Are You Chronically Late?

Being late stresses me out, and it has always driven me crazy when others are late. My significant other is chronically late to the point that he has his own time called “Lotito time.”  When we have an appointment, I have learned to tell him it starts 15 minutes prior to the actual time.  The reasons he states for his tardiness include underestimating travel time and meeting durations and trying to get just one more task done before leaving.  According to a recent article I read, these reasons are very common.

In my younger years I was never late for anything.  However, in recent years, I have slipped a bit.  It might be because my life is so much more hectic today than it was years ago (and that’s when I had three young kids and was working full-time!).  It seems that now I’m constantly trying to squeeze more and more into my day.  I often have back to back meetings.  I am a planner by nature, so I try to anticipate travel or meeting delays, but sometimes too many meetings in a day run long.

For those of you that are constantly rushing around and arriving late to meetings or events, the following list from positivelypositive.com might help you to figure out why:

1.       Are you sleeping in too late?  If you are having a hard time waking up, consider an earlier bed time.  If you are getting up too late, the rush begins as soon as you get up and you wind up playing catch up all day long.  Try getting more rest and rising earlier so that you are starting your day off on time.  I have to get up on time since there are just too many things that can go wrong with my morning.  I live in a downtown area now so my car is only available by valet. What if he’s backed up?  Or what if the garage lift is broken?  I’m careful to build in extra time to account for any unexpected delays.

2.       Do you find yourself always trying to get one more thing done? Maybe you need to check one more email or schedule one more appointment.  Whatever it is, can it wait?  What if you left early leaving enough time to do these tasks from your phone once you’ve arrived and have time to spare.  I’d much rather arrive early and have time to spare, than be rushing in late.

3.       Are you under-estimating your commute time?  With all the Michigan construction I think we’ve all been guilty of this.  Remember that your phone will estimate the commute time based on miles typically, not traffic.  Although there some apps that will warn you of traffic or construction and suggest alternate routes, such as Waze.  To be safe, always allow an extra 15-20 minutes to your estimated commute time.  It will help you relax, and you’ll be more likely to arrive on time.  My commute used to be just 12 minutes, but now that I’ve moved it’s around 35 minutes.  I have to leave myself extra time, because if unexpected traffic or construction occurs, I don’t have as many alternate routes as I used to.
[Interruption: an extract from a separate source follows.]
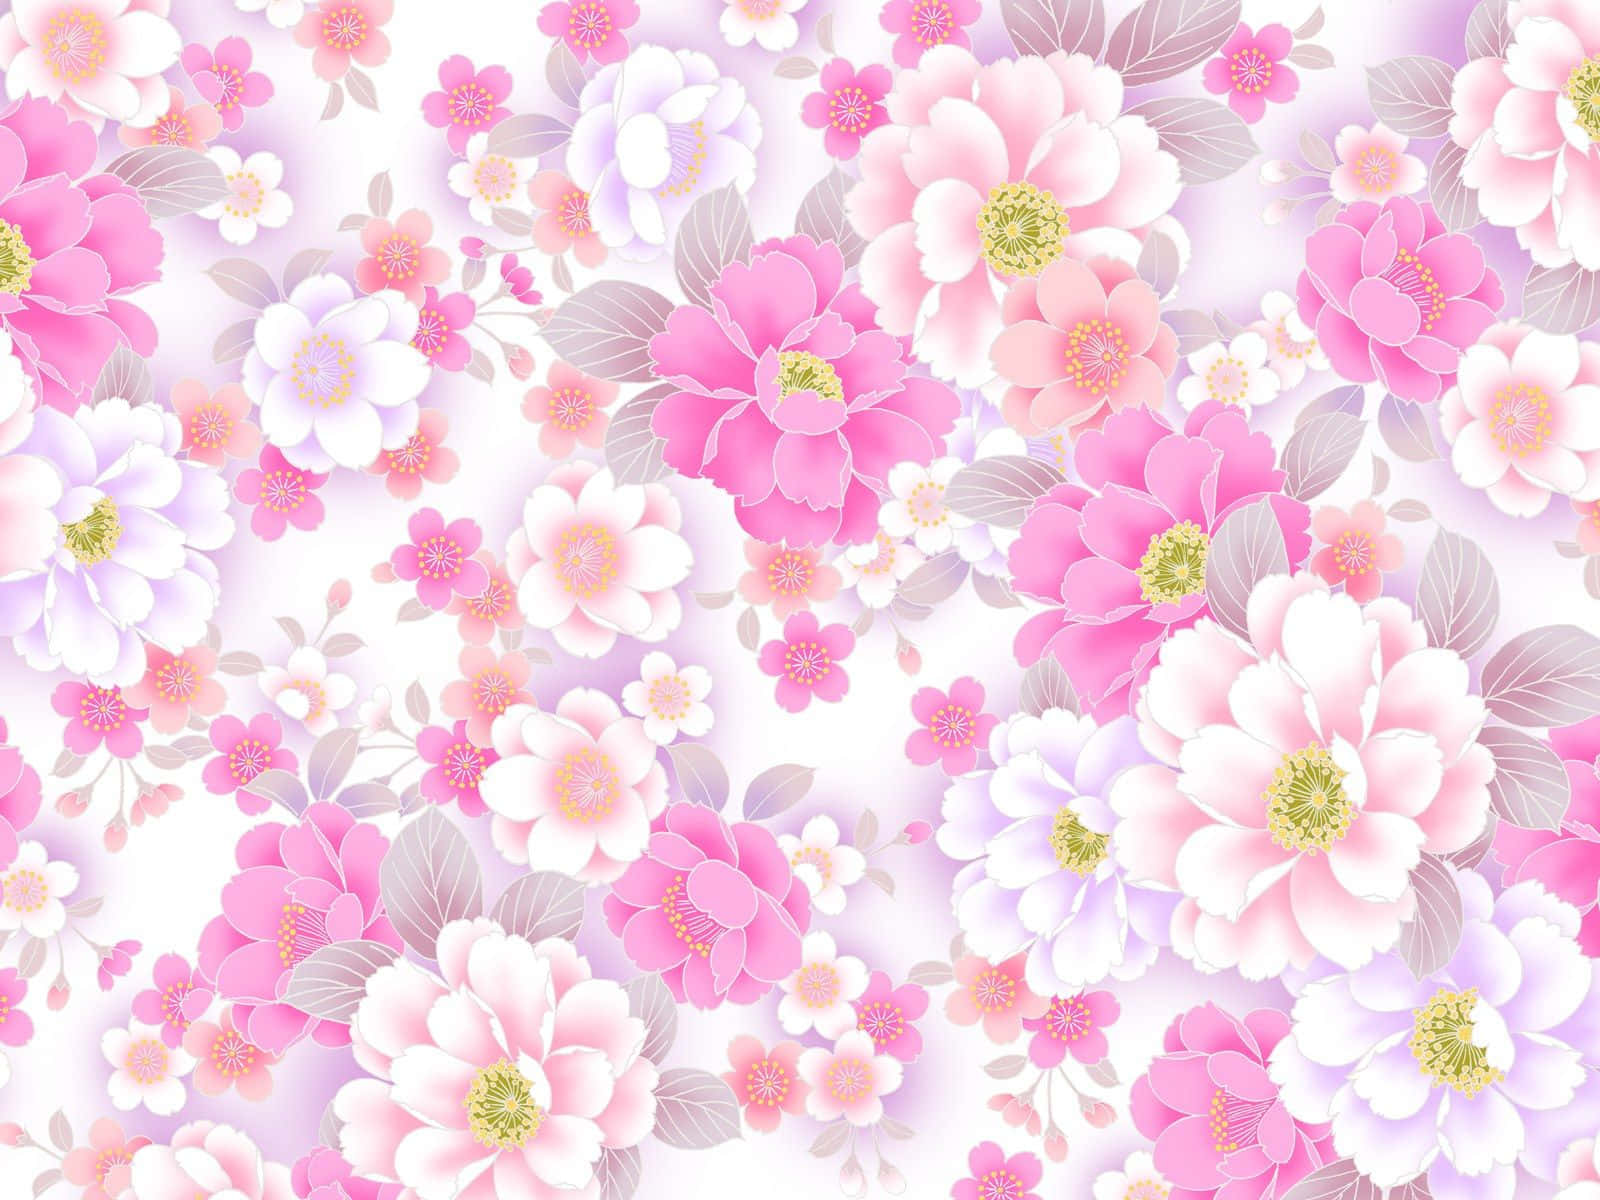 Floralrosa Disfruta La Belleza De La Naturaleza Con Este Impresionante Fondo De Pantalla Floral Rosa. Fondo de pantalla

4.       Are you always looking for your keys, phone, sunglasses, papers, etc.? – The easiest solution for this is to have an identified area in your home, office, or purse for these items.  Be consistent in putting the items there every time and you’ll never be looking for them at the last minute.  I’ll admit I’m slightly OCD when it comes to this.  I have a place for everything so that I always know where it is.  I’m the same way at both work and home.  My desk is never messy.  I honestly don’t understand how people work with messy desks.  How do they find anything?

5.       Do meetings tend to consistently run long?  If this is a repetitive problem in your organization, look into what’s causing it.  Is not enough time being scheduled?  Is the meeting too often derailed by side conversations that are off-topic?  Encourage written agendas and inform staff to stick to them.  When I know I have back-to-back meeting I also inform the meeting leader at the beginning that I have a hard stop.  This helps to encourage team members to keep the meeting on track.  In addition, we require agendas for every meeting here at ASE.  We include a time allotment for each item and identify a key person for that topic.  We also identify whether it’s an informational, discussion, or tactical item.  This helps immensely to keep our meetings on track and on time.

This serves as a good reminder of reasons one could be late and how to mitigate against them.  Are you chronically late?  Let me know strategies that have worked for you.  Email me at mcorrado@aseonline.org.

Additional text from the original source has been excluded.